Imagine a group of 3 dozen children with 30 pennies each, trading with each other for different things, buying and selling trinkets, beads, pinecones, cups of lemonade. Now imagine one of them wanted to sell enough pinecones or beads to buy a NEW CAR for $30,000. Would it be possible? no. The two economies are not on the same scale; one is orders of magnitude more than the other. One of those children could get ALL the other kids' pennies and STILL not be able to afford to buy a new car.

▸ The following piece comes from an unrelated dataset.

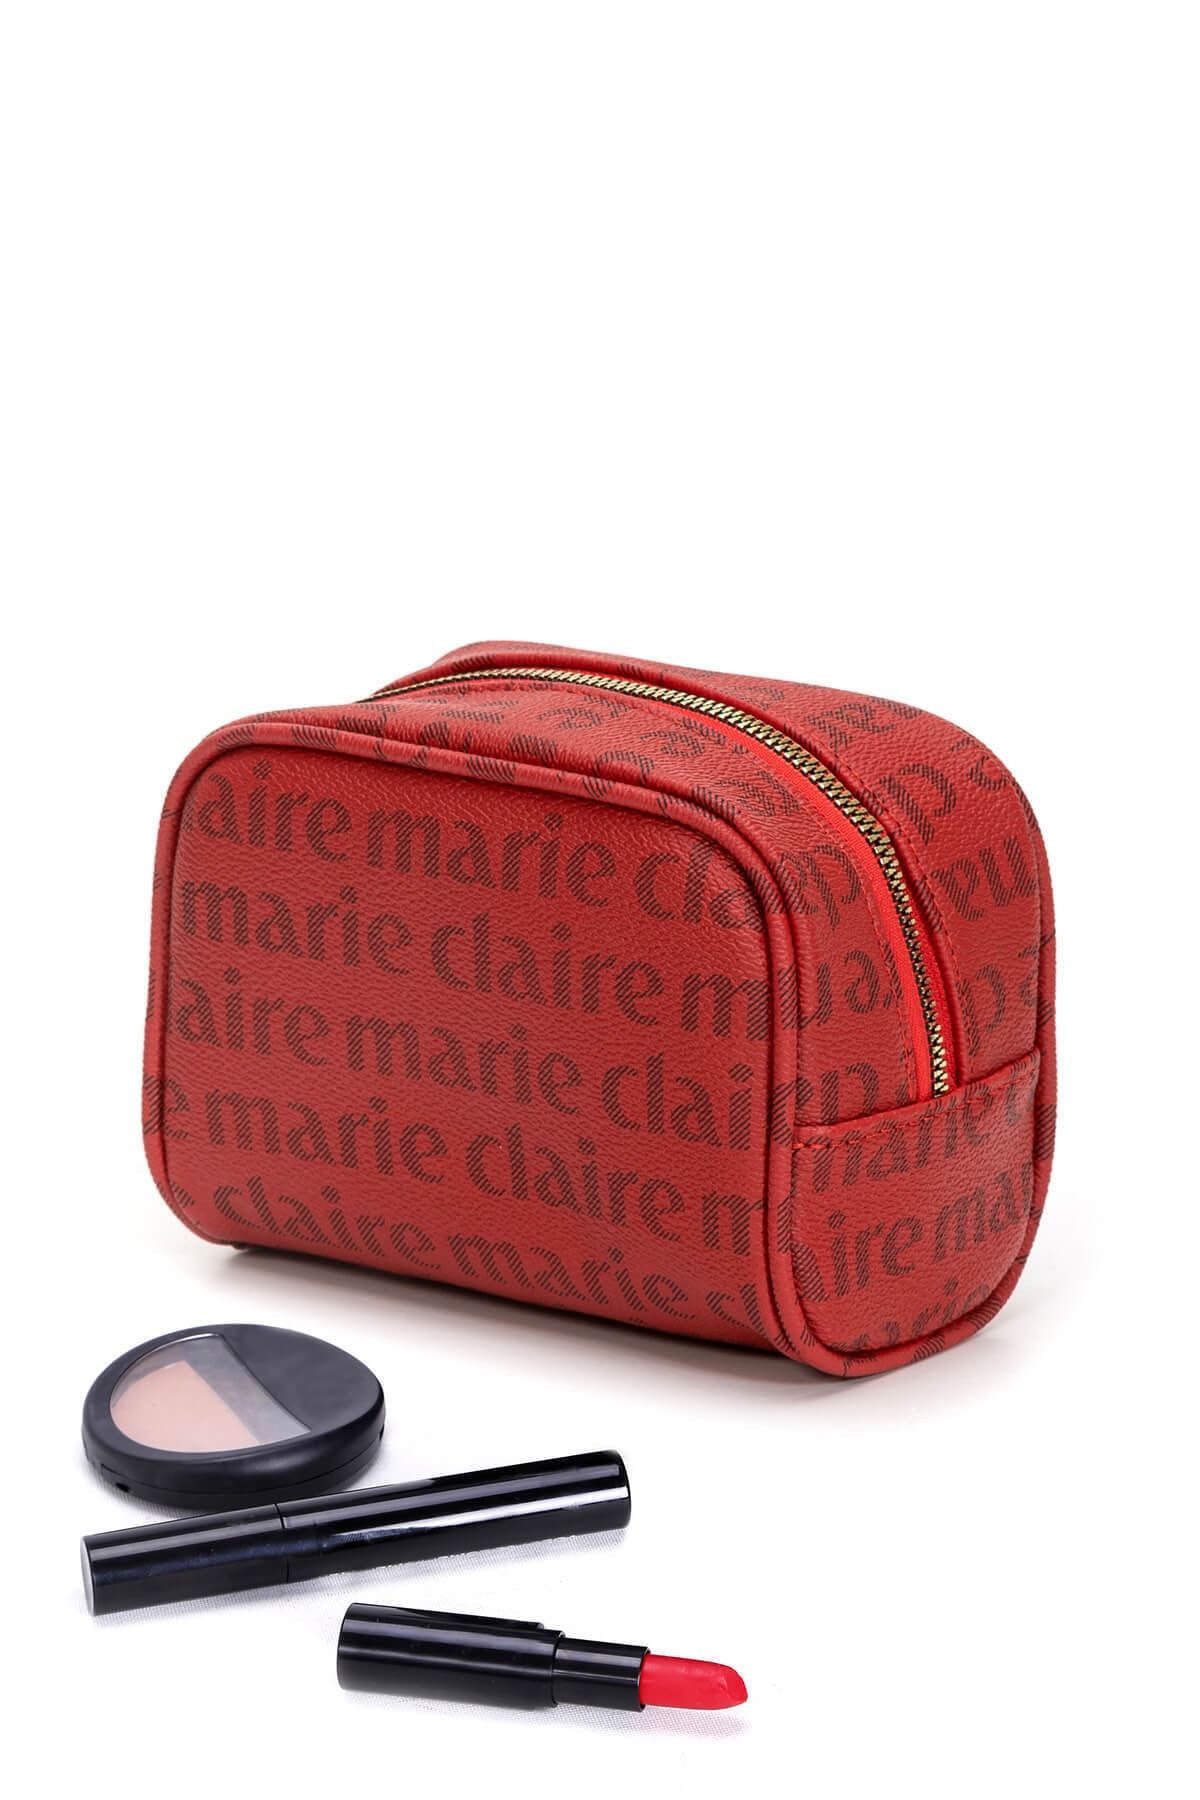 Marie Claire Bordo Kadın Kozmetik Ve Makyaj Çantası Lottie Mc222111282

That's what healthcare is like. Normal people can save $50 here, $100 there, maybe even a few thousand here or there from the yearly IRS refund. But a single procedure can be $30,000, or $50,000, or even $500,000. All the frugality and hard work in the world isn't going to be enough for one major operation or extended hospital stay. It's screwed up, yes, but Healthcare is not on the same scale as the average person's income or savings. In short, it's impossible to self-insure. Unless your income is over $500,000 a year AND you can manage to save a huge chunk of that.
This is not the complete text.